- Active: March 1937 – January 1938
- Country: Various (see text)
- Allegiance: Spain
- Branch: International Brigades
- Type: Battalion – Infantry
- Role: Home Defence
- Part of: XV International Brigade 86th Mixed Brigade
- Garrison/HQ: Albacete
- Engagements: Spanish Civil War

Commanders
- Notable commanders: Aldo Morandi

= 20th International Battalion =

The 20th International Battalion (20.º Batallón Internacional —Vigésimo Batallón Internacional or "Batallón 20" — Batallón Veinte) was a battalion of the International Brigades during the Spanish Civil War.
==History==
The high number of casualties suffered by the XV International Brigade during the month of February 1937 prompted the General Staff of the Spanish Republican Army to create the 20th Battalion at the time of the Fascist Italian attack in Guadalajara in March.
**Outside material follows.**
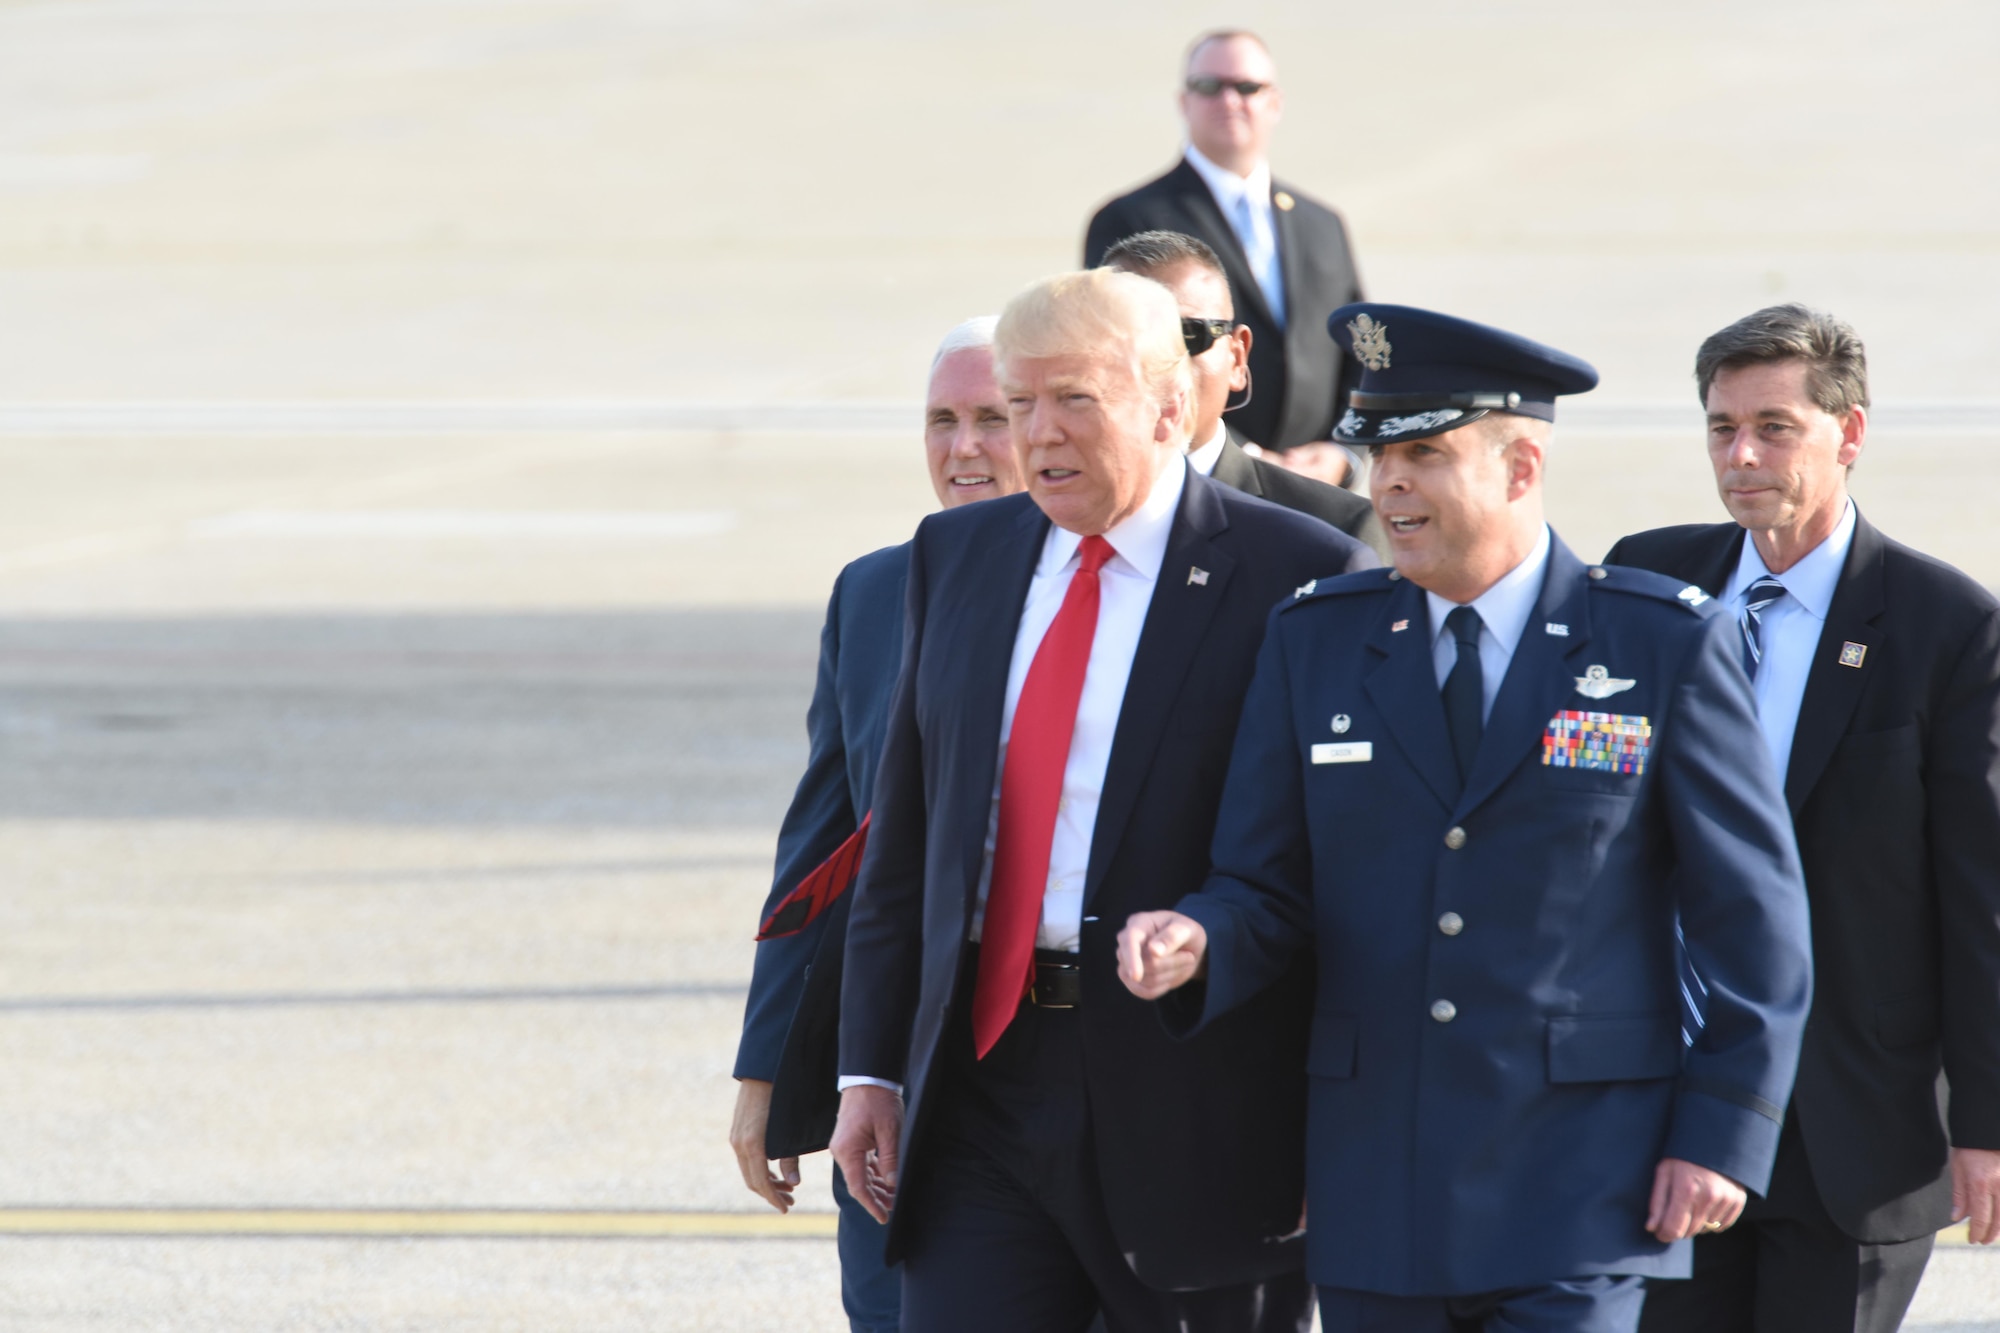 President Donald J. Trump and Vice President Mike Pence walk with 193rd Special Operation Wing Commander Benjamin “Mike” Cason over to 193rd SOW Airmen, and Airmen’s family and friends, to shake their hands, Middletown, Pennsylvania, April 29, 2017. The President and Vice President landed at the 193rd SOW and were on their way the Harrisburg Farm Show Complex for President Trump’s 100th day rally when they made time to greet those that awaited their arrival. (U.S. Air National Guard Photo by Master Sgt. Culeen Shaffer/Released)

The 20th Battalion was formed by remnants of the 21st Battalion garrisoned at Pozo Rubio, Albacete, new volunteers, as well as some soldiers and officers who had recovered from their wounds. It was made up of three companies of fusiliers, a Polish/Czechoslovak Company, a French Company, an Anglo-American Company—which had an American, a Latin-American, and an Irish and British section, as well as a mixed machine-gun company of Germans and Austrians. It was moved to Puertollano—at the edge of the Sierra Morena—and put under the orders of the Chief of the Army of Andalusia on 20 March. Later the 20th Battalion would be joined by two battalions, one of militias and a Carabineros battalion.

Eventually the 20th Battalion became the nucleus around which the 86th Mixed Brigade would be established around the first half of April 1937. In January 1938, as a result of heavy restructuring, the 20th International Battalion was split into three battalions, the 20th, 21st and 22nd.